**WHAT IS EXPECTED:** Would you repeat the data below exactly, taking out the images?

**SOURCE MATERIAL:**
___
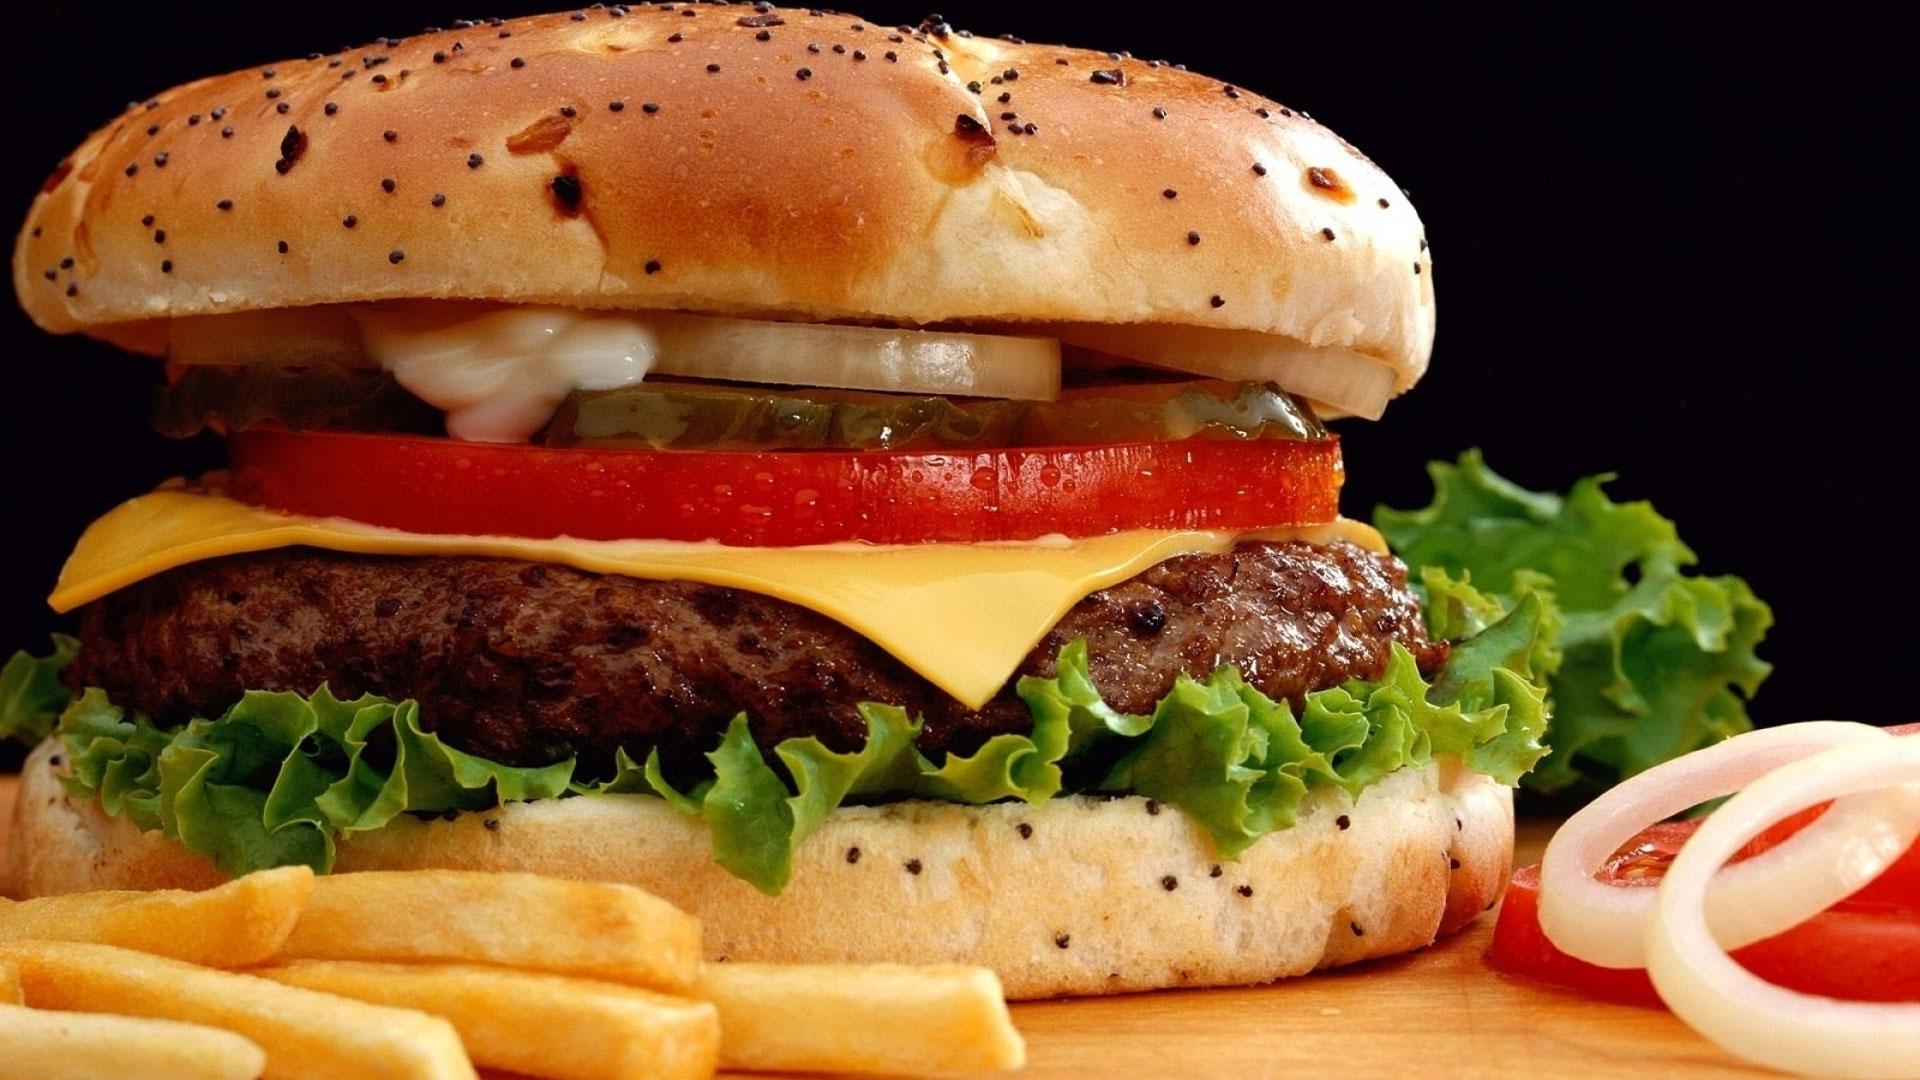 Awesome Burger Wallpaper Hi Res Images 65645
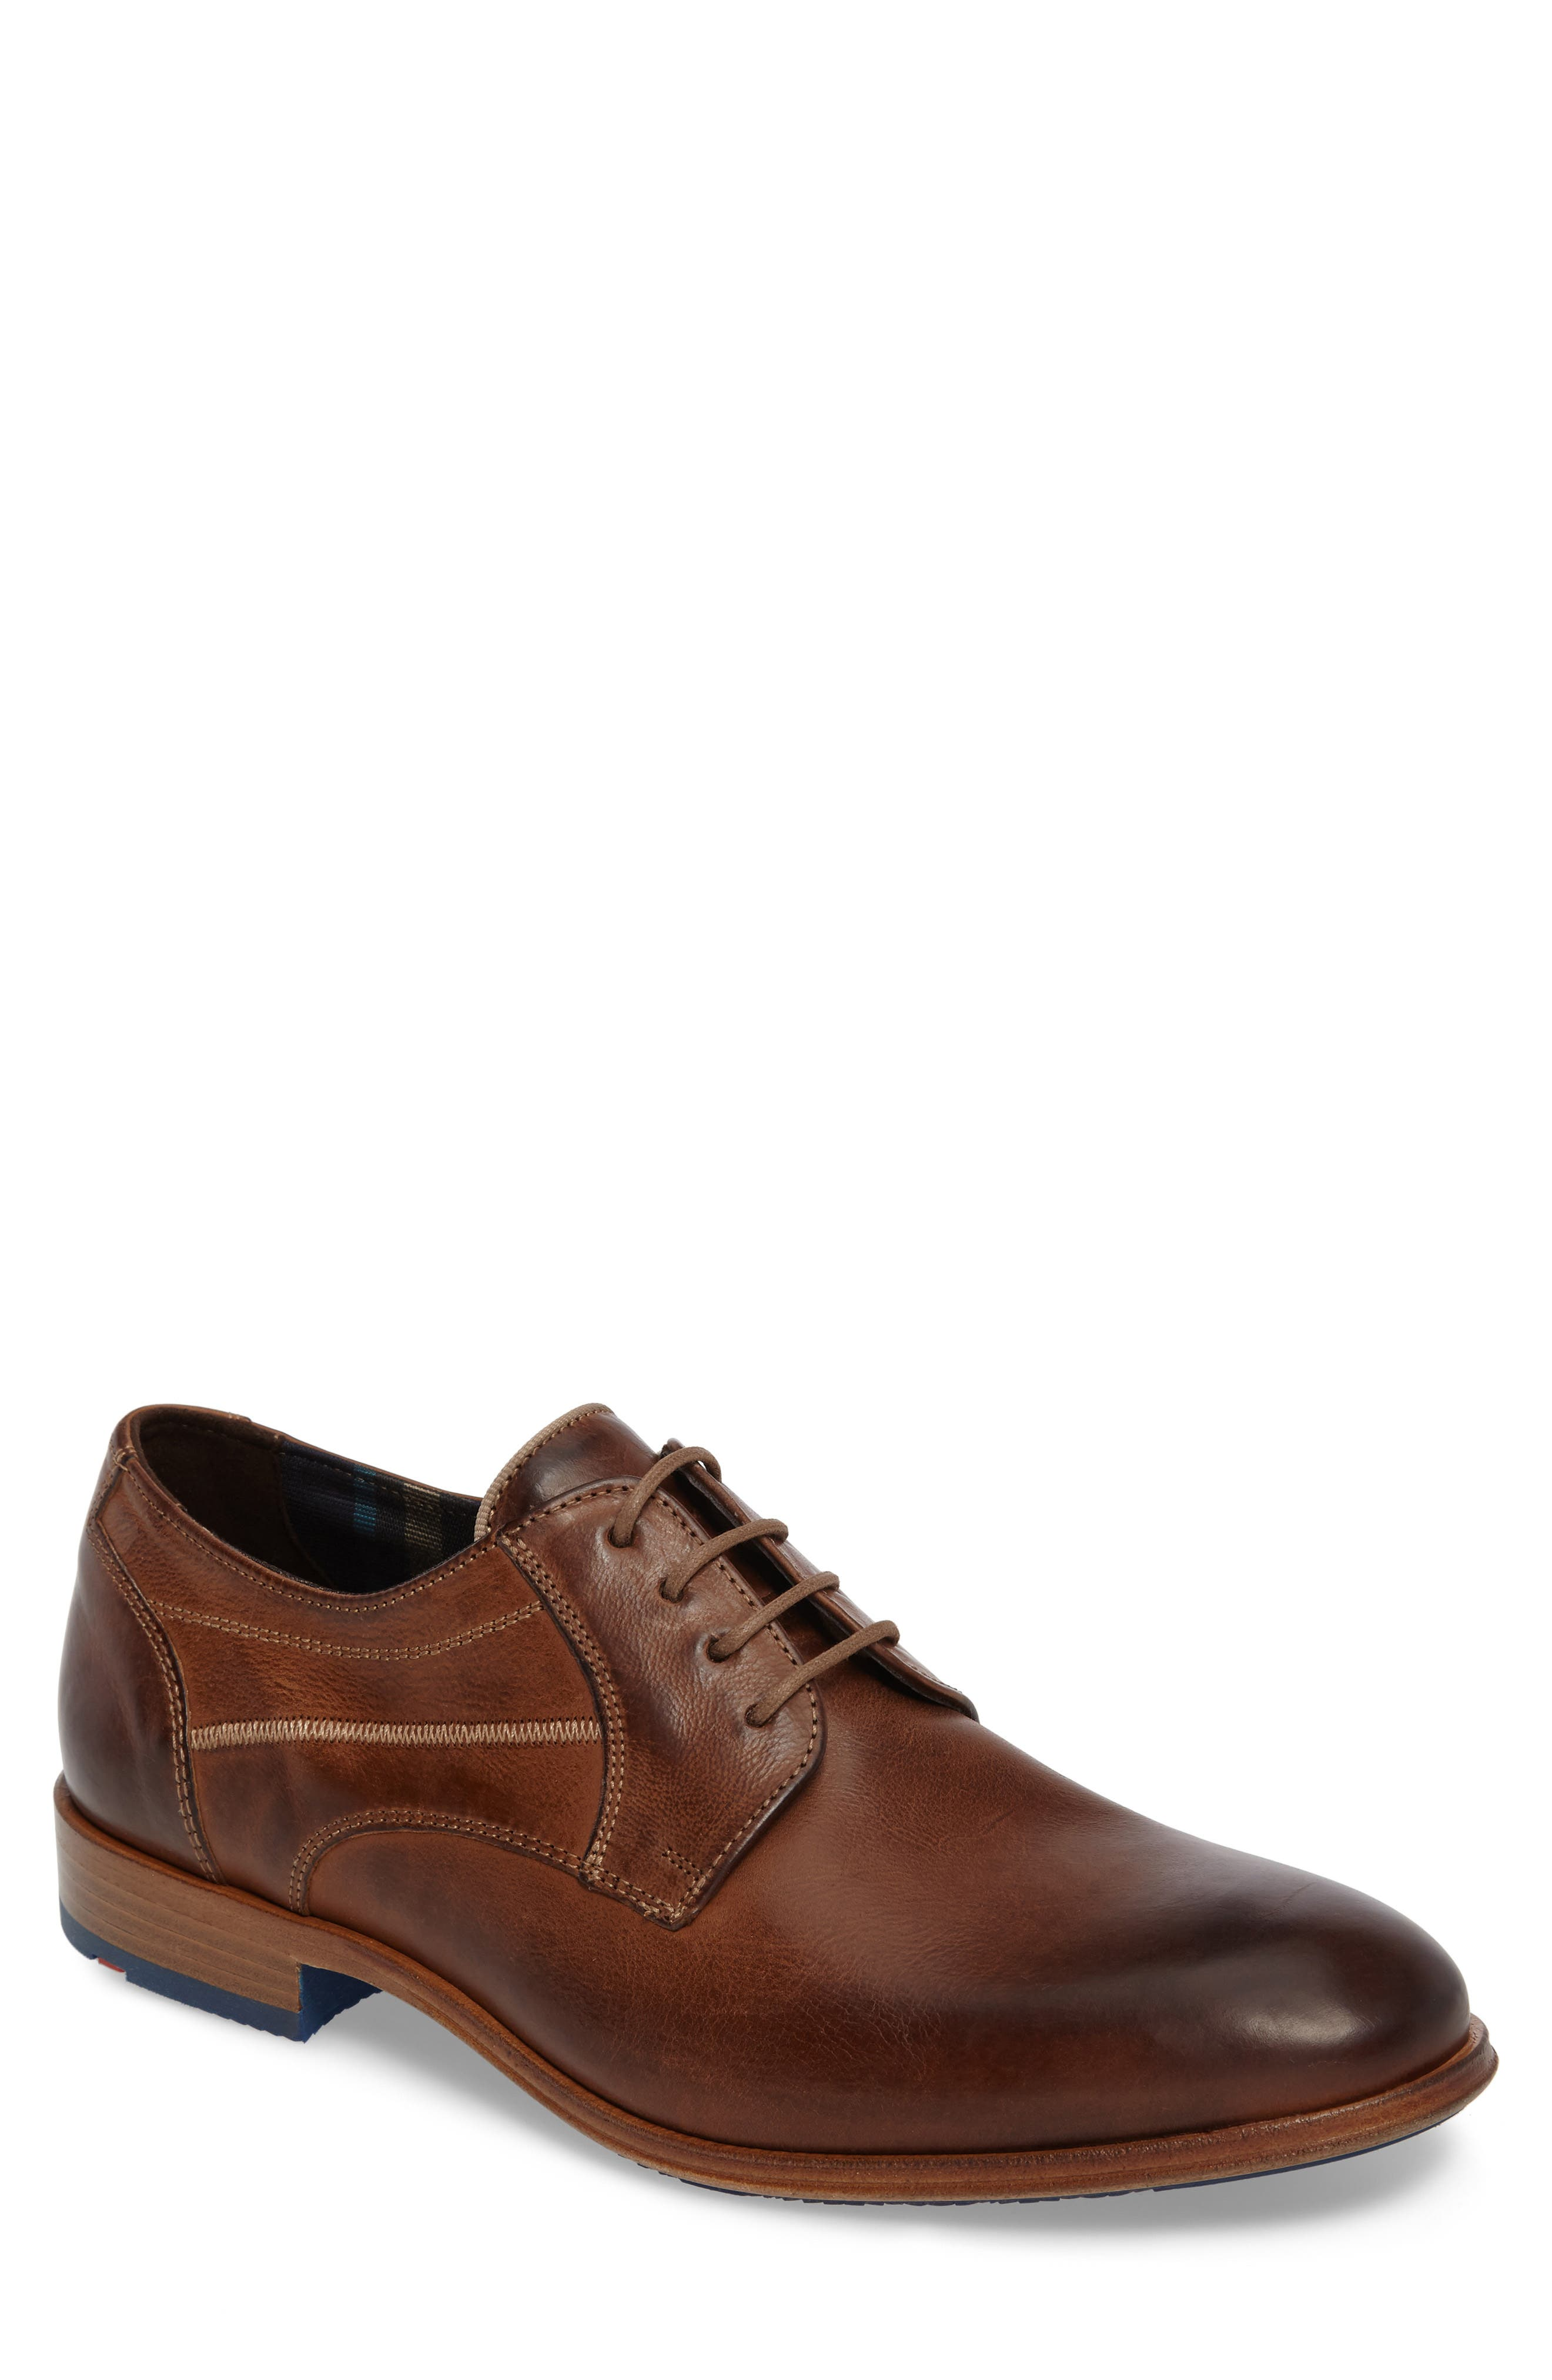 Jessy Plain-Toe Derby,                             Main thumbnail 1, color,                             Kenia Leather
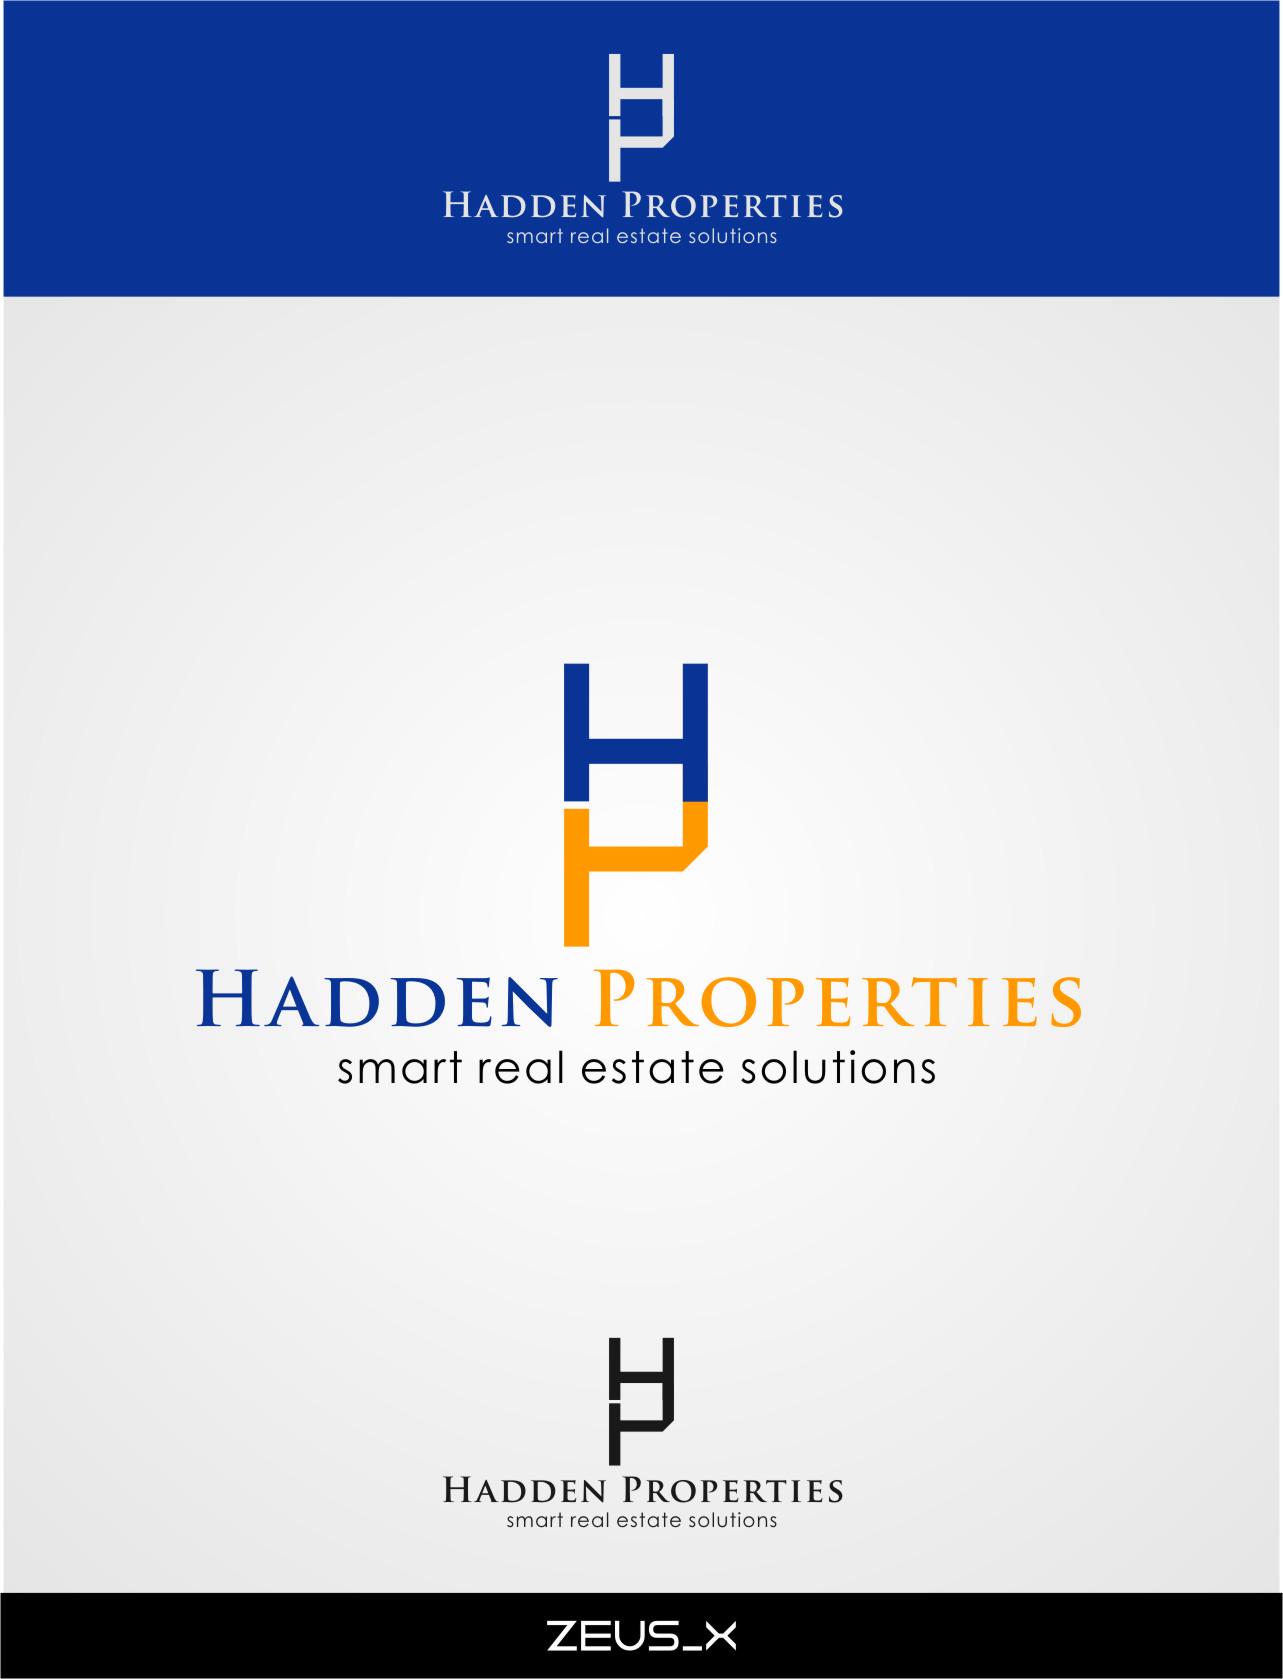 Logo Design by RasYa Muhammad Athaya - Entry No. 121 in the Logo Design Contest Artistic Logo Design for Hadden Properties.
___
**REPLY:**
 Awesome Burger Wallpaper Hi Res Images 65645
 Jessy Plain-Toe Derby,                             Main thumbnail 1, color,                             Kenia Leather
 Logo Design by RasYa Muhammad Athaya - Entry No. 121 in the Logo Design Contest Artistic Logo Design for Hadden Properties.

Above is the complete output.